The indictment against Abston states that he set up the account for the food pantry, assigning himself as the sole signatory for the account. Between 2014 and 2018, he wrote more than $50,000 in checks from his own bank account to that of the church food pantry.

In turn, he wrote more than $50,000 in checks from the food pantry account to the food bank in exchange for food.

Abston used a significant portion of that food to feed the inmates at the jail -- not the ill, needy or infants, as the food bank’s policy required, the indictment states.

He was charged with filing false tax returns because he failed to report all of his income for the 2015 and 2016 tax years, Town said.

Read former Pickens County Sheriff David Abston’s plea agreement below.

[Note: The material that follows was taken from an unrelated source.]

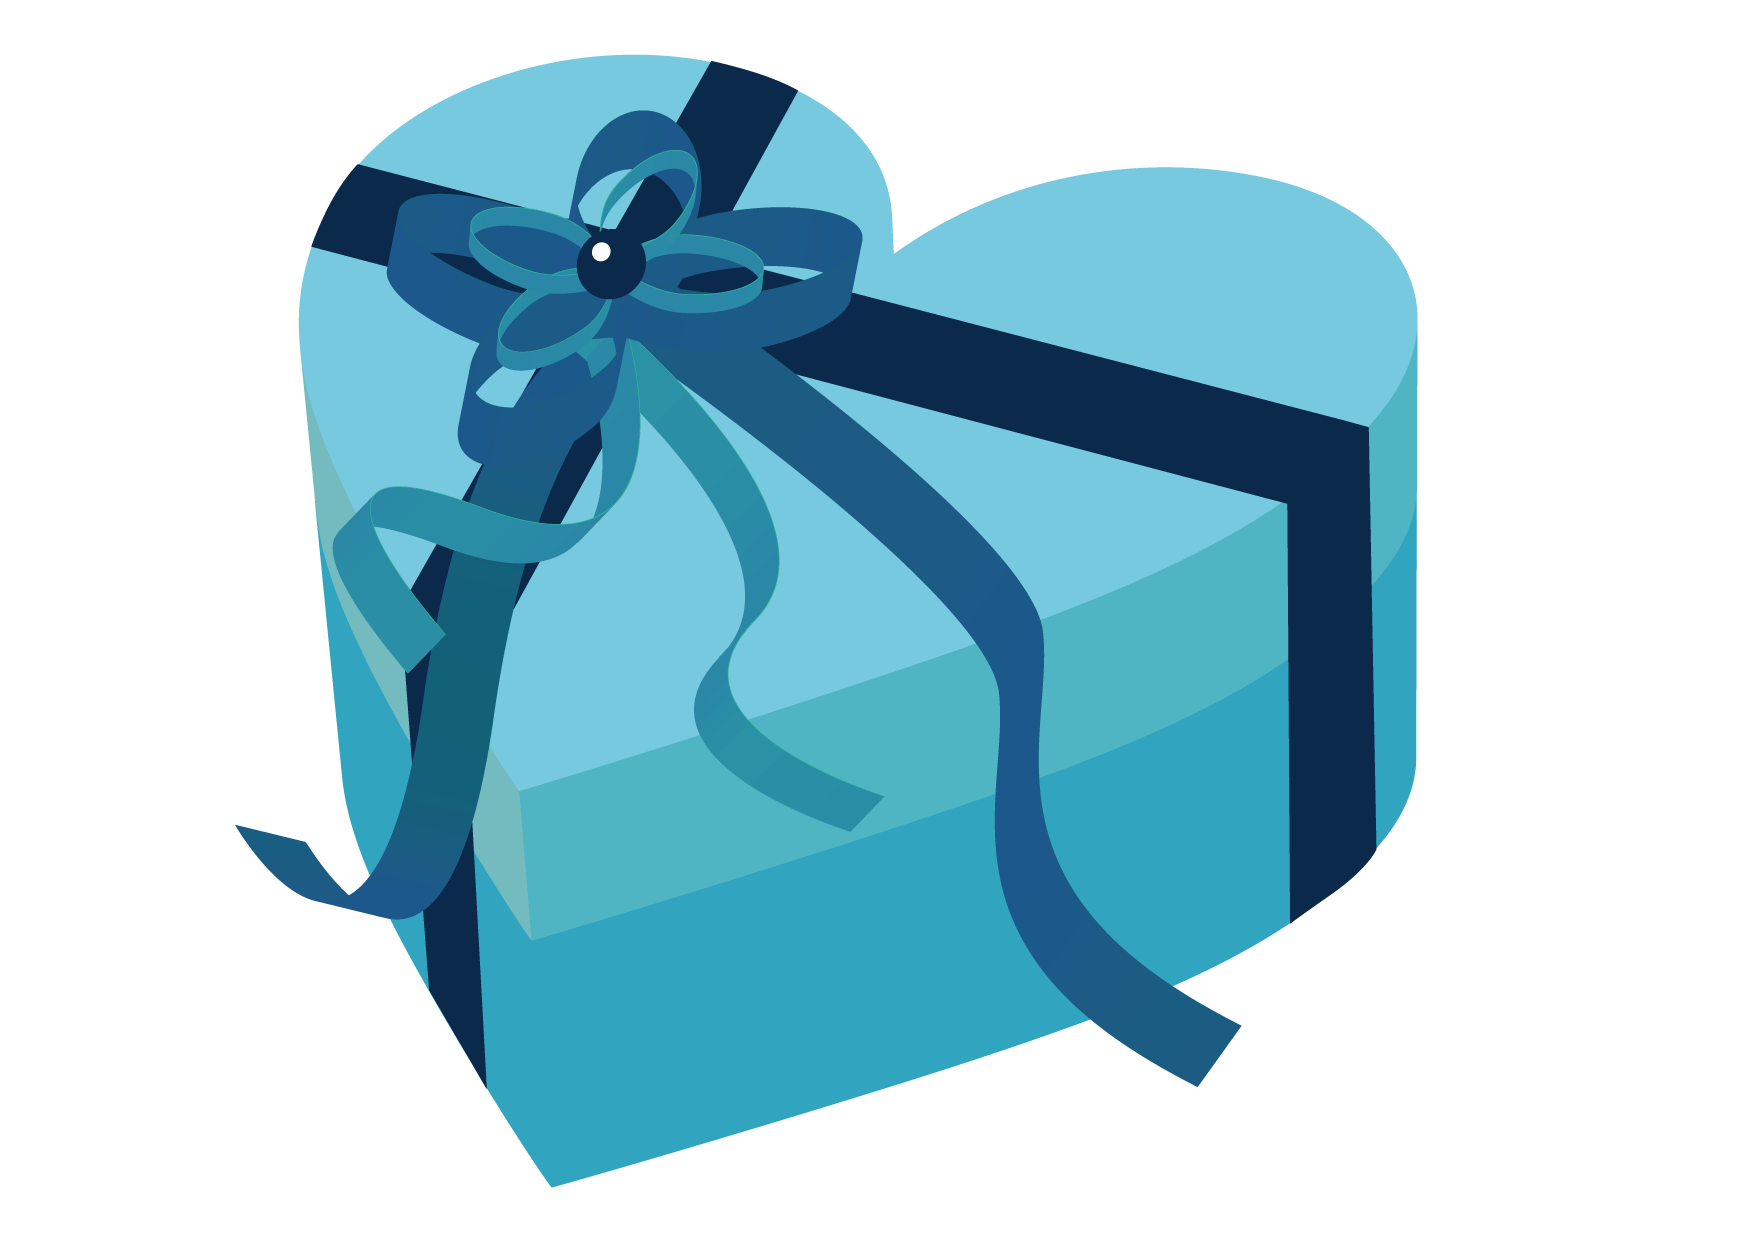 可愛いイラスト無料 バレンタイン ハート ブルー 箱 Free Illustration Valentine Heart Blue Box 公式 イラスト素材サイト イラストダウンロード

As part of his plea agreement, Abston agreed to immediately resign from his position as sheriff of Pickens County, court records show. He also agreed to pay restitution to the victims, as determined by the court at sentencing.

He also agreed to pay restitution for taxes due for 2015 and forfeit a total of more than $51,000.

Abston faces up to 20 years in prison and a fine of up to $250,000 on the wire fraud charge. The false tax return charge comes with a maximum of three years in prison and a fine of up to $100,000.

Harless, who was sworn in as sheriff as soon as Abston resigned Friday, told the News one of his first priorities in his new office would be to call for an audit of the department's finances.

"To make sure the public knows what's going on and we're not trying to hide anything," Harless told the newspaper.

Abston is not the first Alabama sheriff to face scrutiny in recent years over taking advantage of the state law allowing sheriffs to pocket excess funds from jail feeding coffers. Last year, former Etowah County Sheriff Todd Entrekin became known nationwide as the "Beach House Sheriff" after an AL.com investigation into his department's finances showed that, over three years, Entrekin had kept more than $750,000 worth of local, state and federal funds allocated to feed inmates in the Etowah County Jail, located in Gadsden.

Entrekin and his wife bought a beach house in Orange Beach in September 2017 worth $740,000.

Entrekin, who lost his bid for reelection in November, found himself under federal and state investigation last summer over his pocketing of the funds, AL.com reported.

While Alabama law allowed Entrekin to keep excess funds, lawyers and law professors told the news site in December that the former lawman likely broke federal law by keeping the jail food money.

The Alabama Legislature has since passed a law prohibiting sheriffs from keeping funds set aside to feed state inmates.